→ Problem description
The expected output is each line from the one containing "a person does" to the last line of the data below, set down exactly, minus the pictures.

→ Recorded information
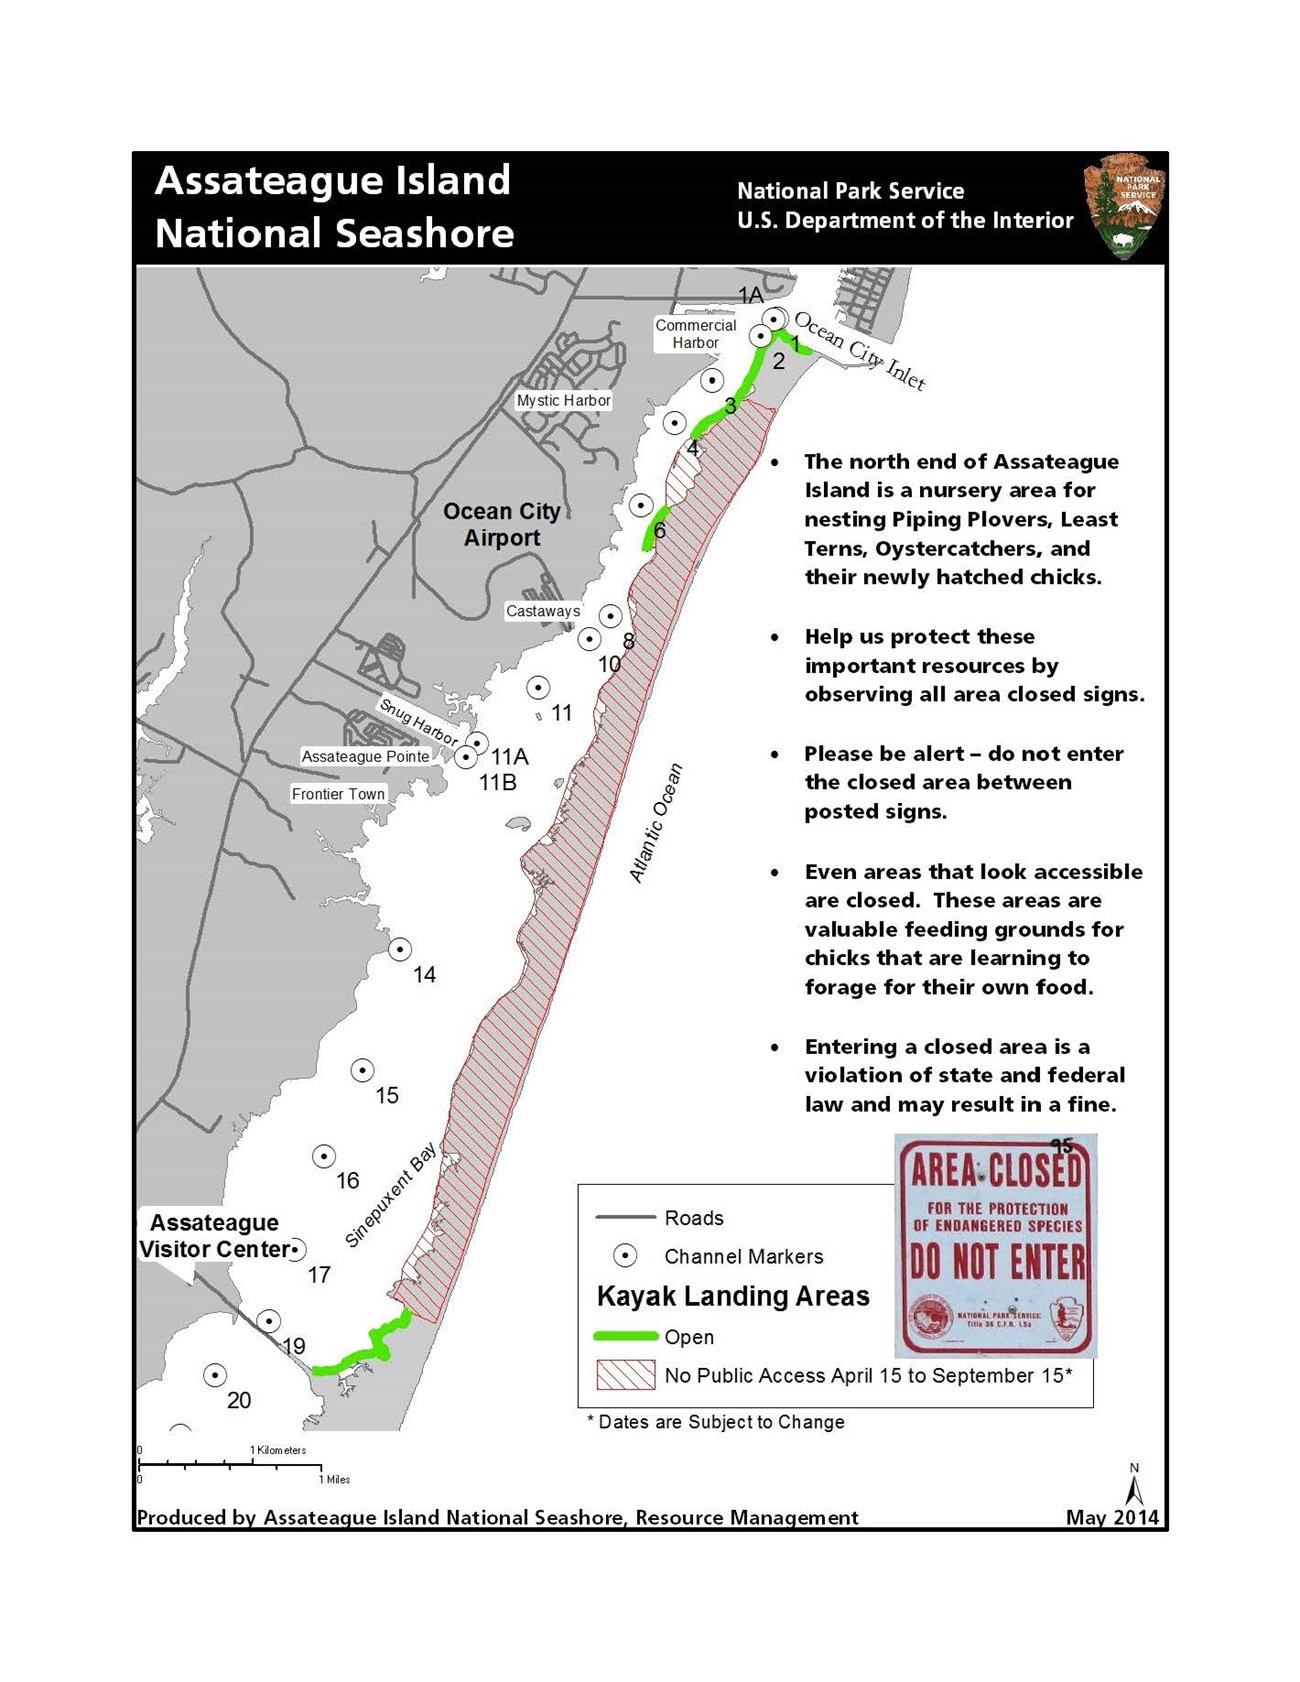 Map showing bayside kayak landing areas north of the Verrazano bridge in the Maryland district of Assateague Island National Seashore
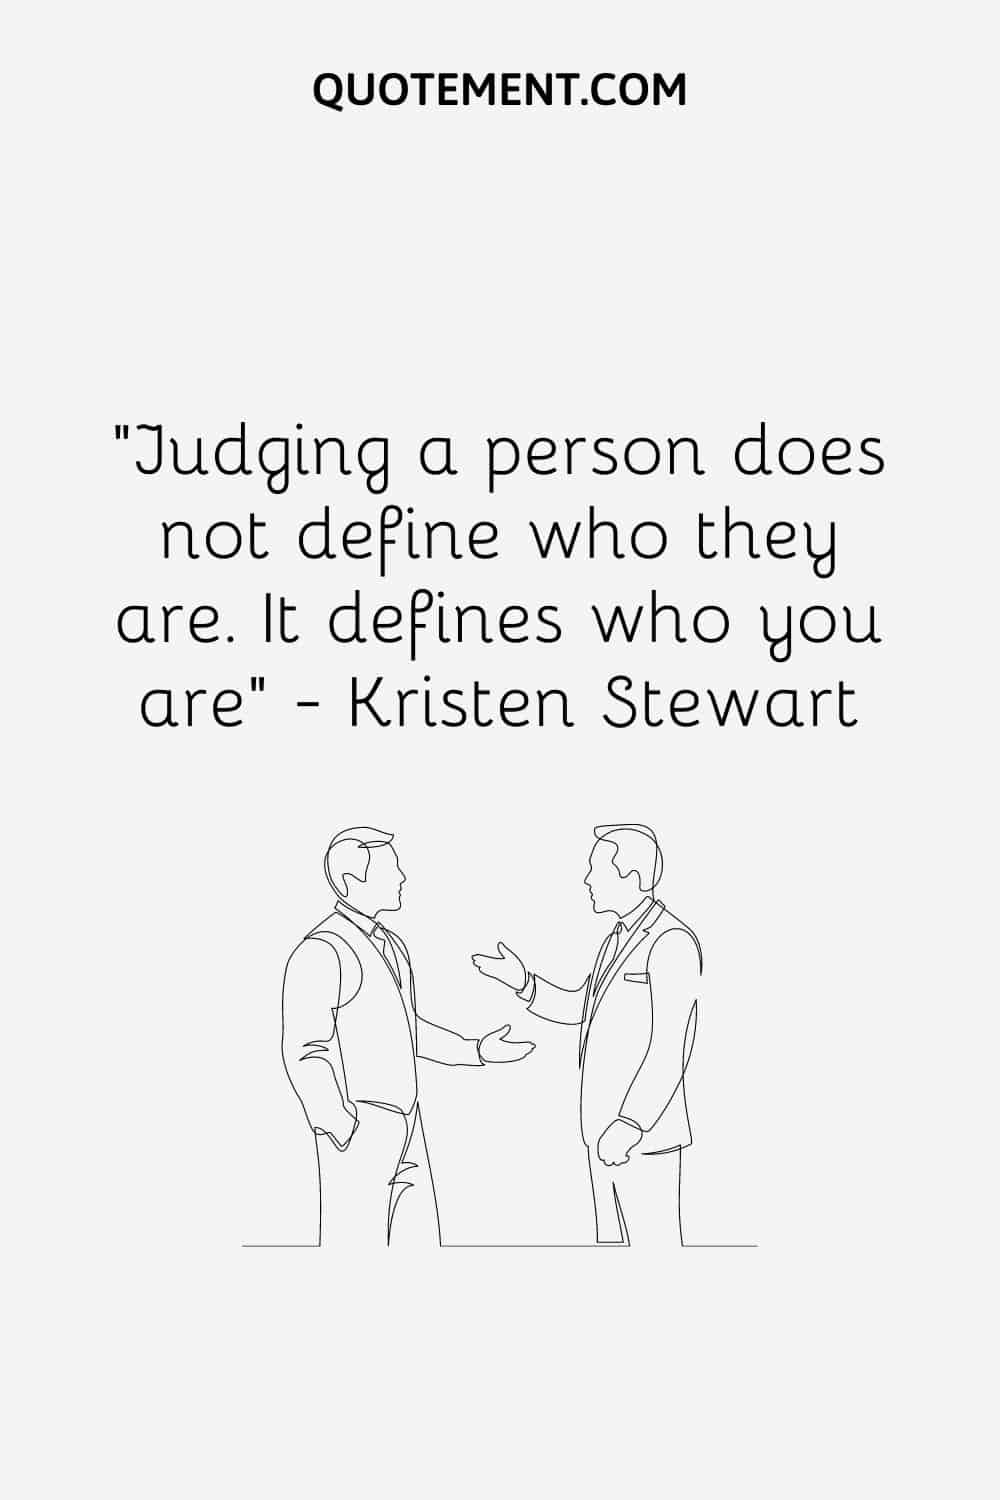 “Judging a person does not define who they are. It defines who you are” — Kristen Stewart
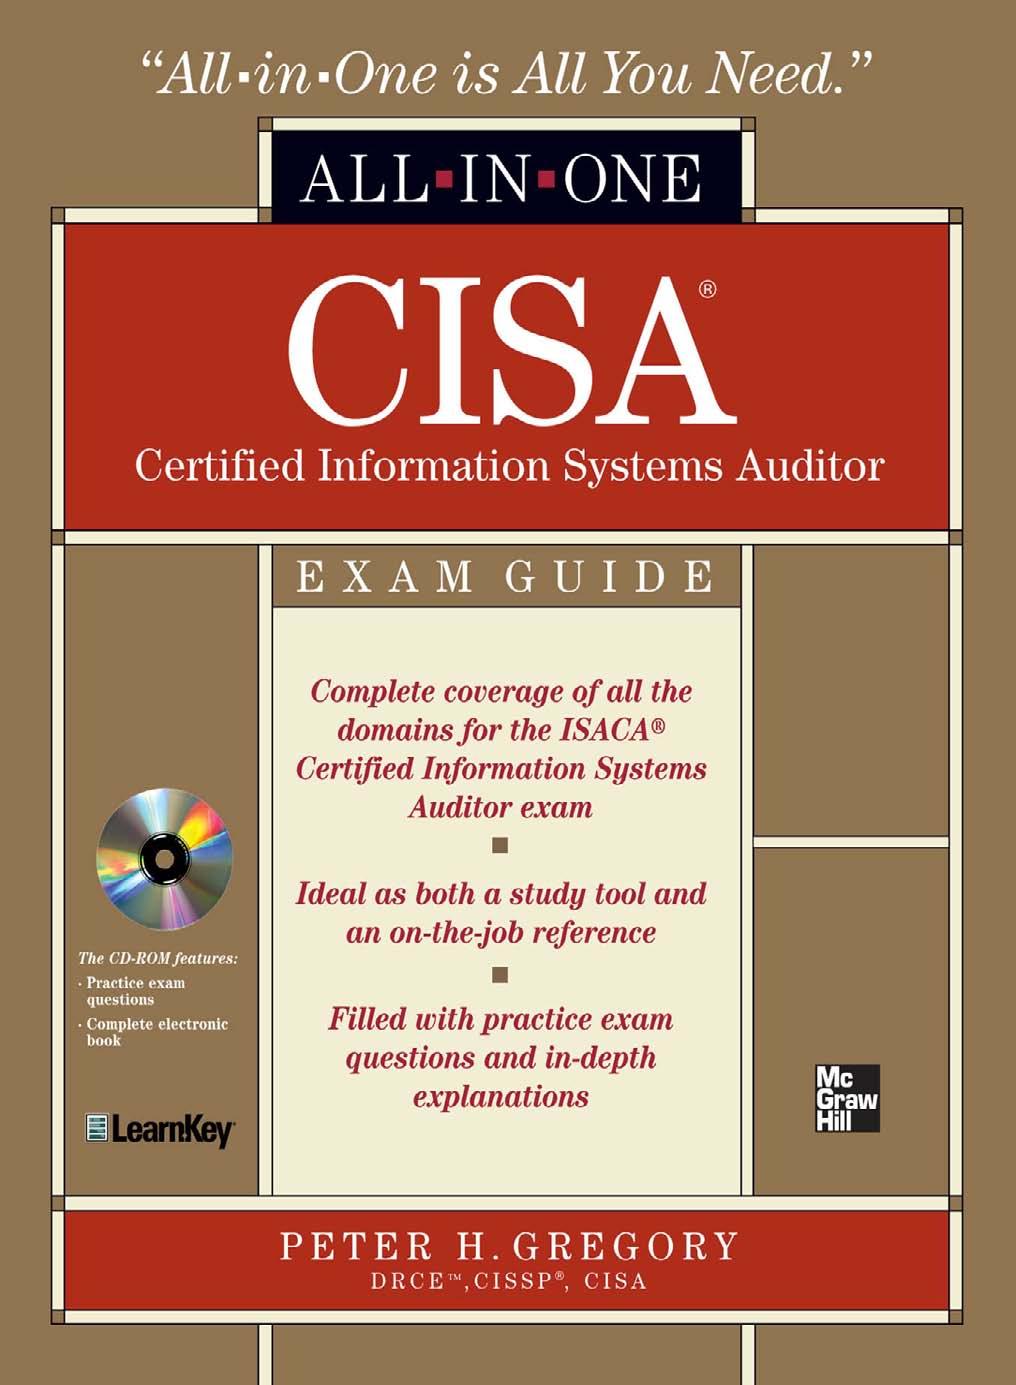 CISA Certified Information Systems Auditor All-in-One Exam Guide ( PDFDrive ) 2010
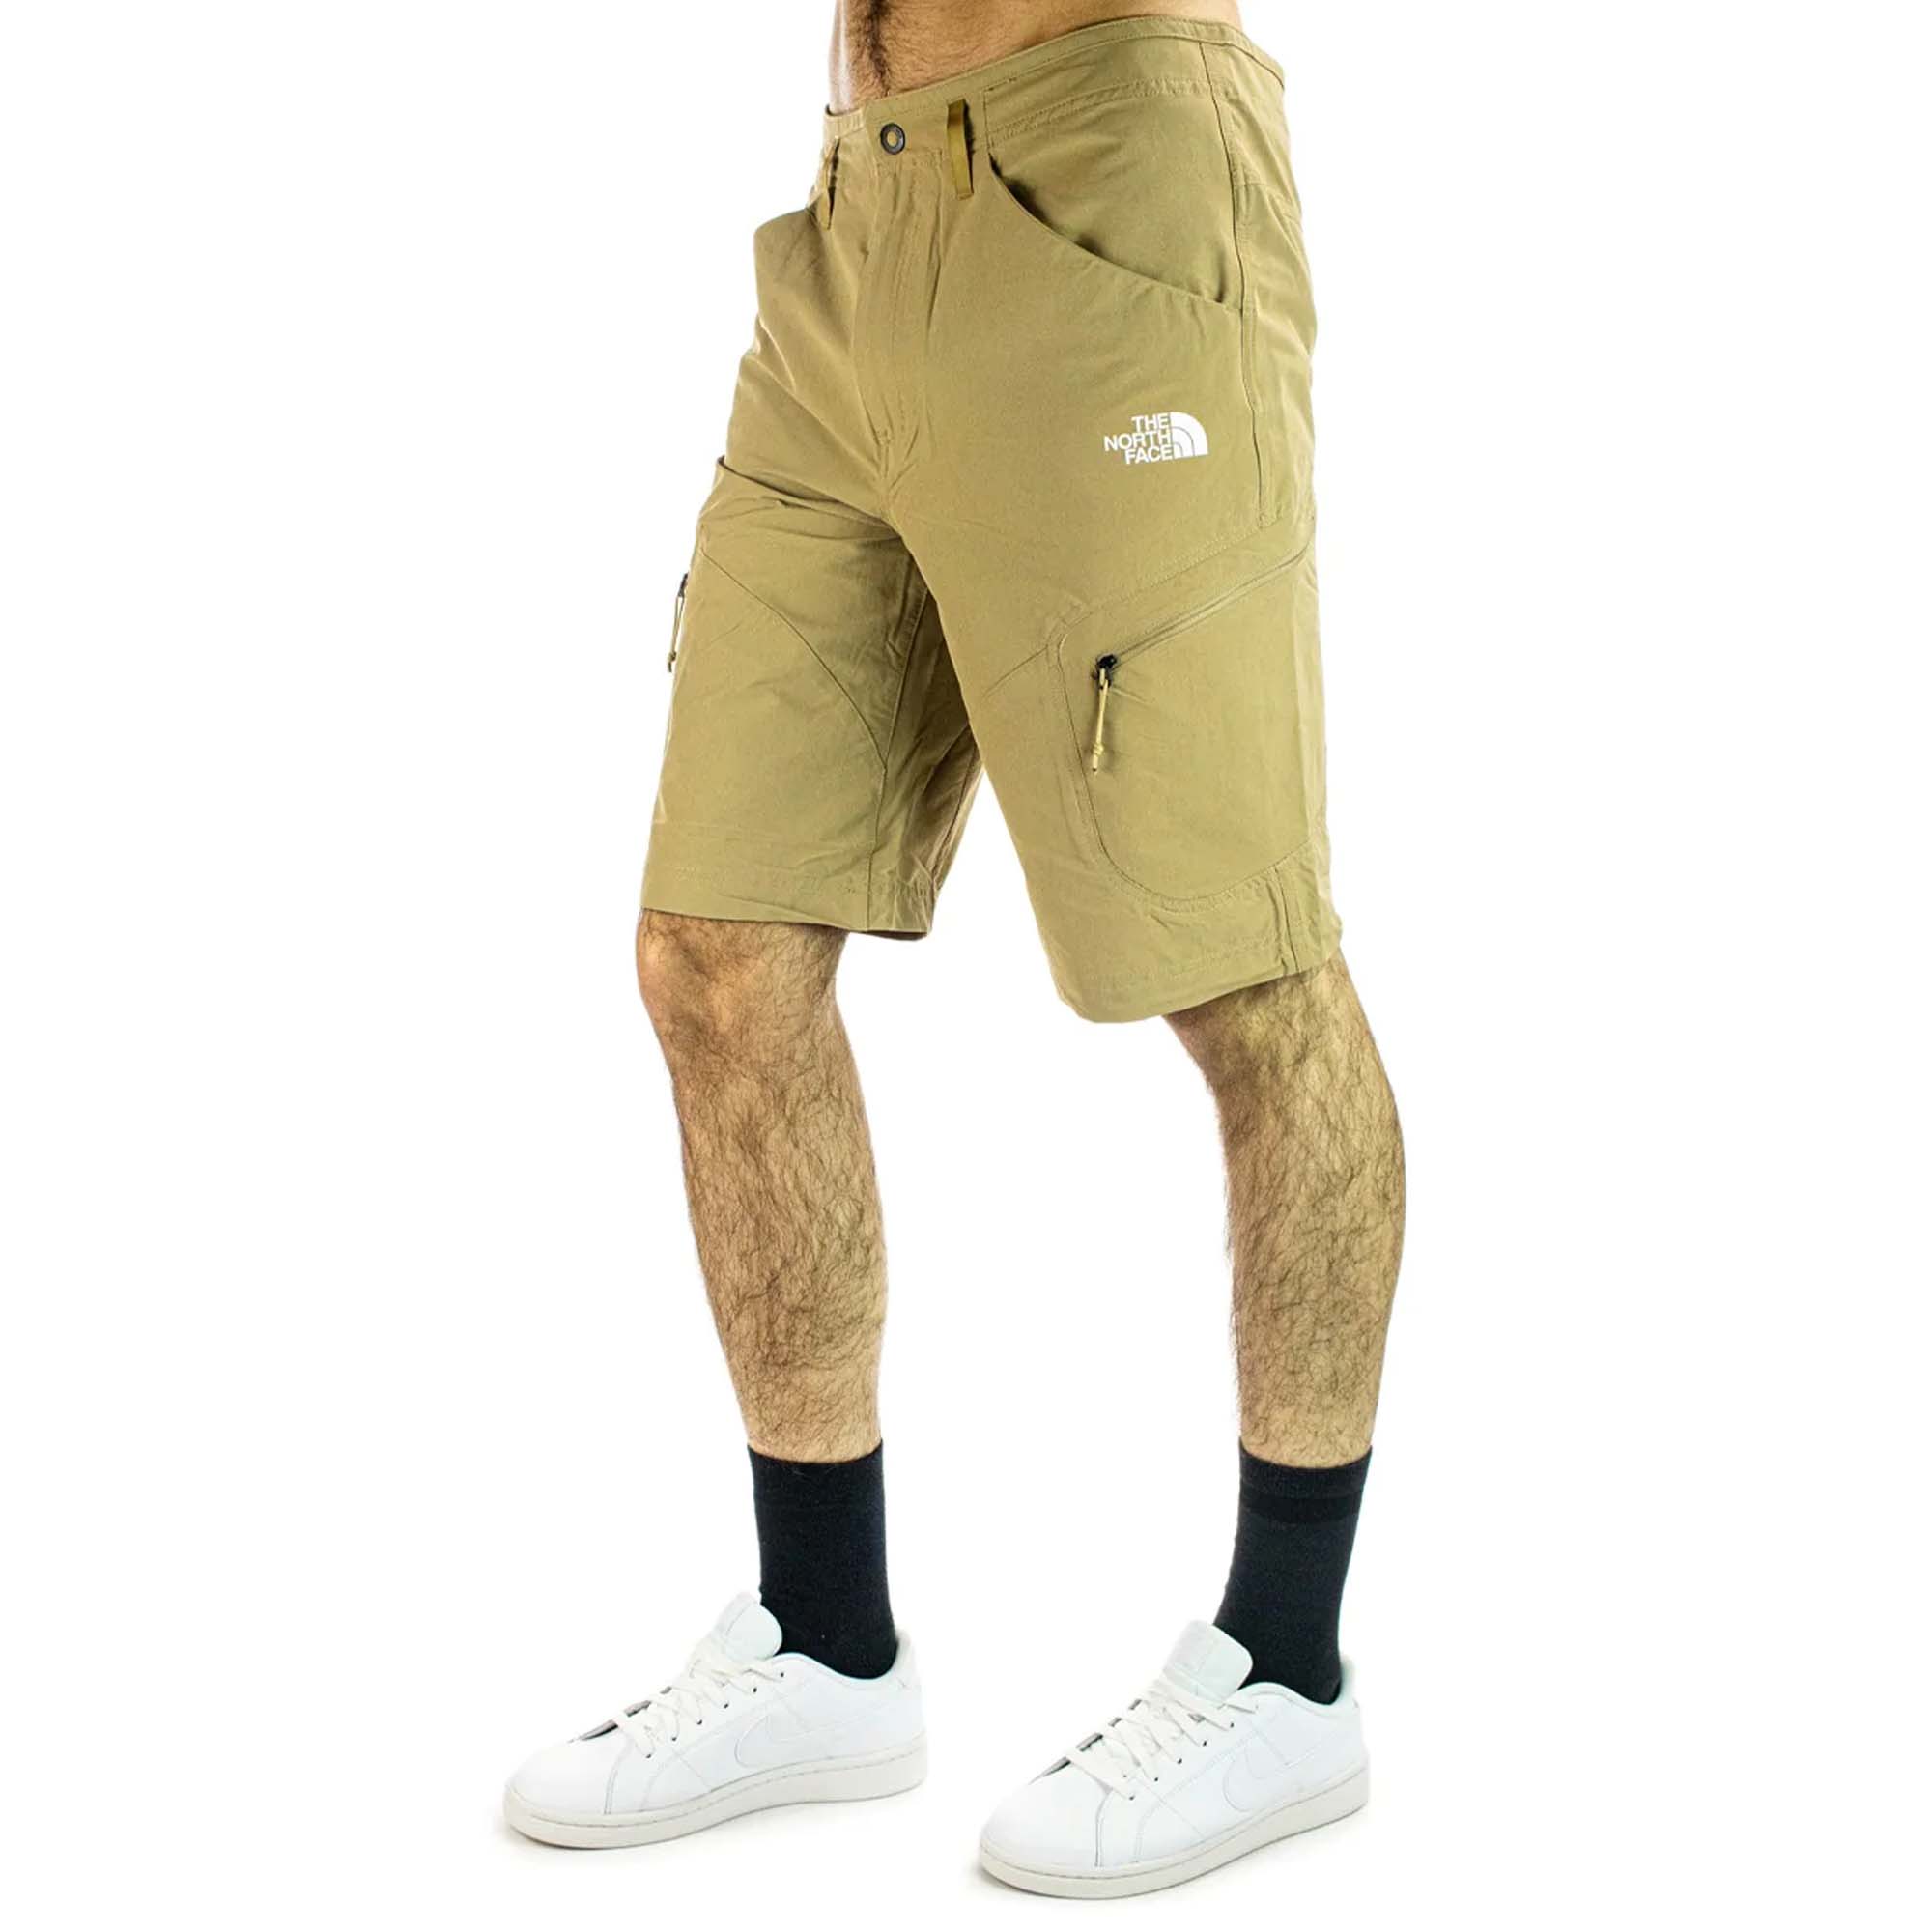 THE NORTH FACE m explo short

→ Output
 “Judging a person does not define who they are. It defines who you are” — Kristen Stewart
 CISA Certified Information Systems Auditor All-in-One Exam Guide ( PDFDrive ) 2010
 THE NORTH FACE m explo short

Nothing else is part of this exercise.